Although diabetic mastopathy lesions are benign and spontaneous regression can occur, surgical excision with an adequate normal breast tissue margin remains the primary treatment option, also taking into account that diabetic mastopathy could evolve into a breast cancer [6, 8, 16]. New lesions can also develop with a recurrence rate of 30% and education of patients in performing self-examination is crucial, as well as an annual mammography [17, 18].

2. Case Presentation

We present the case of a 41 years old woman, affected by type 1 diabetes since the age of 5 years (diabetes duration 36 years). The patient attends the Diabetes and Metabolic Diseases Unit, Azienda Ospedaliera Universitaria Senese and her diabetes treatment is based on a hybrid-closed loop insulin infusion system composed by an insulin pump associated with a continuous glucose sensor (Medtronic 780G system with smartguard associated with Guardian sensor). Over the years, the patient has always maintained a good glyco-metabolic control, without development of chronic diabetic complications, nor of other autoimmune diseases.
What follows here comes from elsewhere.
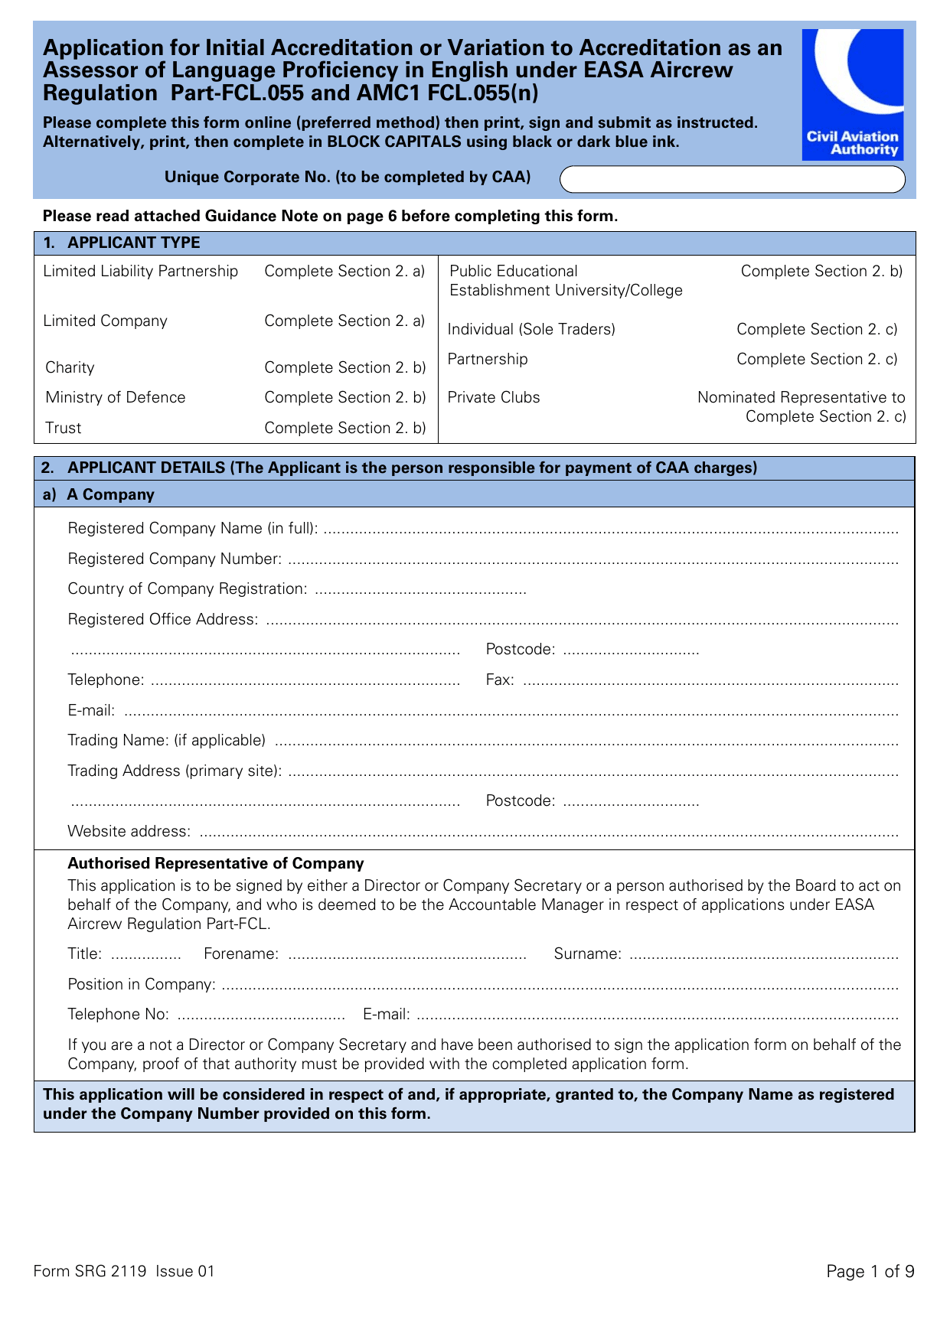 Form SRG2119 Application for Initial Accreditation or Variation to Accreditation as an Assessor of Language Proficiency in English Under Easa Aircrew Regulation Part-Fcl.055 and Amc1 Fcl.055(N) - United Kingdom, Page 1

In april 2021 she was hospitalized for an acute appendicitis and underwent surgical appendectomy. The histological examination showed a well differentiated neuroendocrine neoplasia (NET G1). Colonscopy subsequently performed and Computed Tomography(CT)/Positron Emission Tomography(PET) examination did not show additional lesions. During the same month, as a routine examination, the patient underwent mammography, which showed “left breast: absence of evolutive focal lesions and suspicious microcalcifications; right breast: microcalcifications in the retroareolar site with benignity features, modest ductal ectasia and evidence of a 7 x 5 mm polymorphic cluster -classified as category 3 at BI-RADS system-, deserving of stereotaxis microhistological classification” After mammography, a core-needle biopsy was performed and the histological examination reported: "fibroadipose frustules with apocrine ductal hyperplasia with papillary architecture and slight cytological atypia. Ductal ectasies. Intraductal and stromal microcalcifications. Lesion with uncertain malignancy potential ". In view of these findings, it was decided to perform a right quadrantectomy surgery. The macroscopic appearance of the mammary gland viewed during surgery was suggestive of diabetic mastopathy, subsequently confirmed by the histological evaluation. In particular, periductal inflammatory infiltrate predominantly lymphocytic was described, in addition to the presence of intraductal papillomas and ductal hyperplasia. (Figure 1).

fortune-biomass-feedstock

Figure 1: Breast histology. hematoxylin-eosin staining. A: sparse epithelium and glassy and dense stroma (OM 0,50x). B, C: Dense lymphocytic infiltrates surrounding blood vessels (B, OM 8x) and ducts (C, OM 3x). D: Duct with an atrophic epithelium and a thickned basement membrane-black arrow- (OM 8x).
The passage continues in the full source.